MW Why the stock market reacted so badly to the new tariffs
By Mark Hulbert
Irrational exuberance is what made the market so vulnerable in the first place
Tariffs and an imminent trade war were shots across the market's bow Monday morning, but irrational exuberance is what made the market so vulnerable in the first place.
I say that because the weekend announcement of the tariffs couldn't reallybe the cause of the plunge at Monday's opening. They were hardly asurprise, after all.
Read: Here are all the ways Trump's tariffs could hit stocks, according to Goldman Sachs
Both before and after President Trump's election this past November, and especially since his inauguration last month, he has made it abundantly clear that he was going to impose stiff tariffs on U.S. trading partners.

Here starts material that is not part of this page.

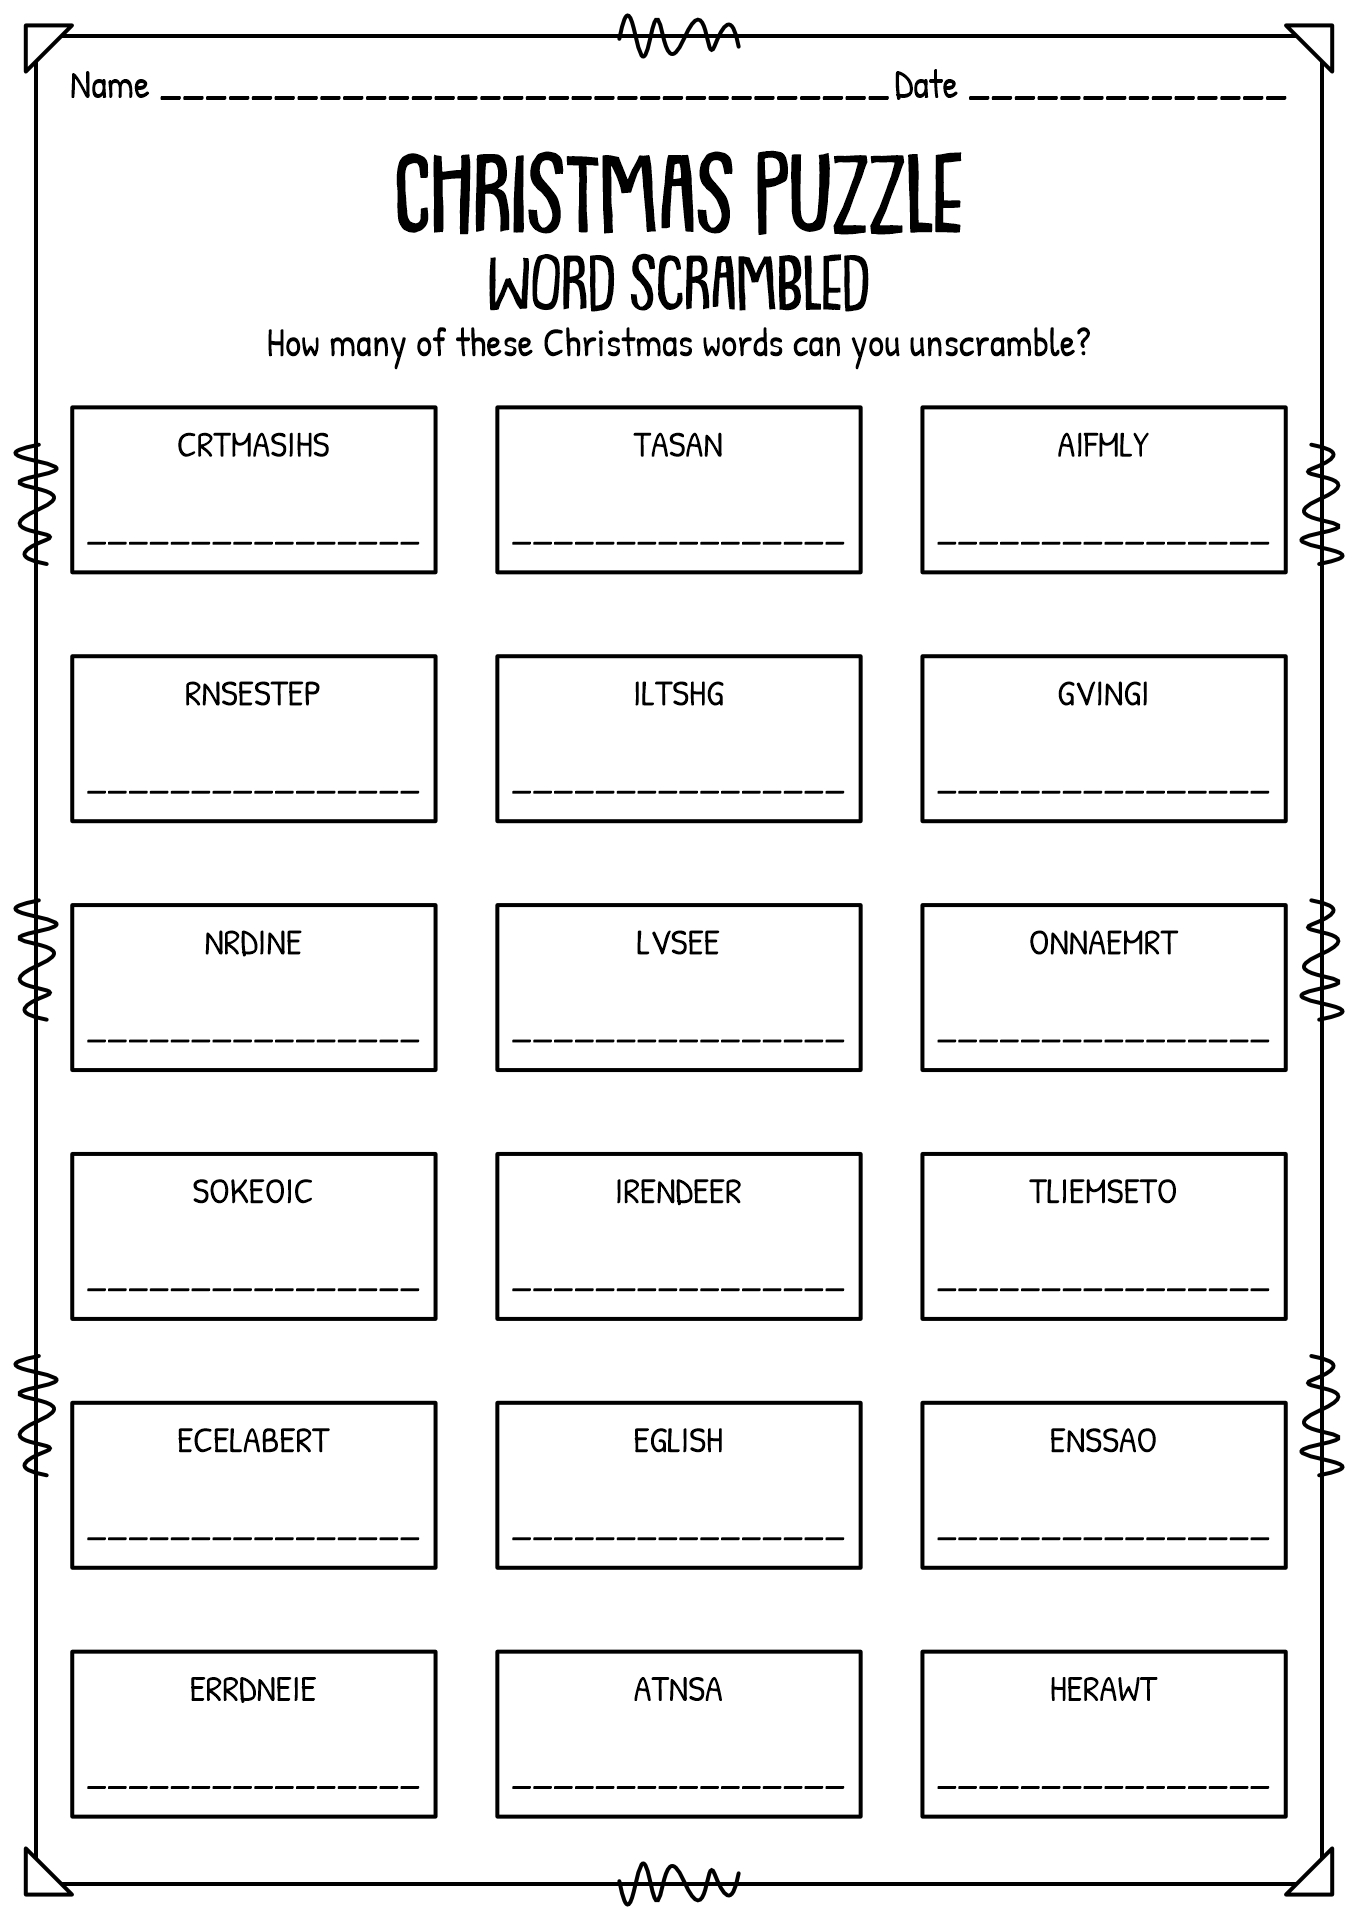 17-best-images-of-brain-teasers-worksheets-hidden-meaning-brain

Yet, throughout the last several weeks, Wall Street's gurus adopted a "what, me worry?" stance. As recently as of the close this past Friday - the day before when Trump had promised that he would announce the new tariffs - the average short-term market timer was more bullish than at almost any other time in the last two decades.
I know that Wall Street gurus suffer from myopia, but it strains credulity to think they are so shortsighted that they would be shocked on Monday morning for what they knew on Friday would happen.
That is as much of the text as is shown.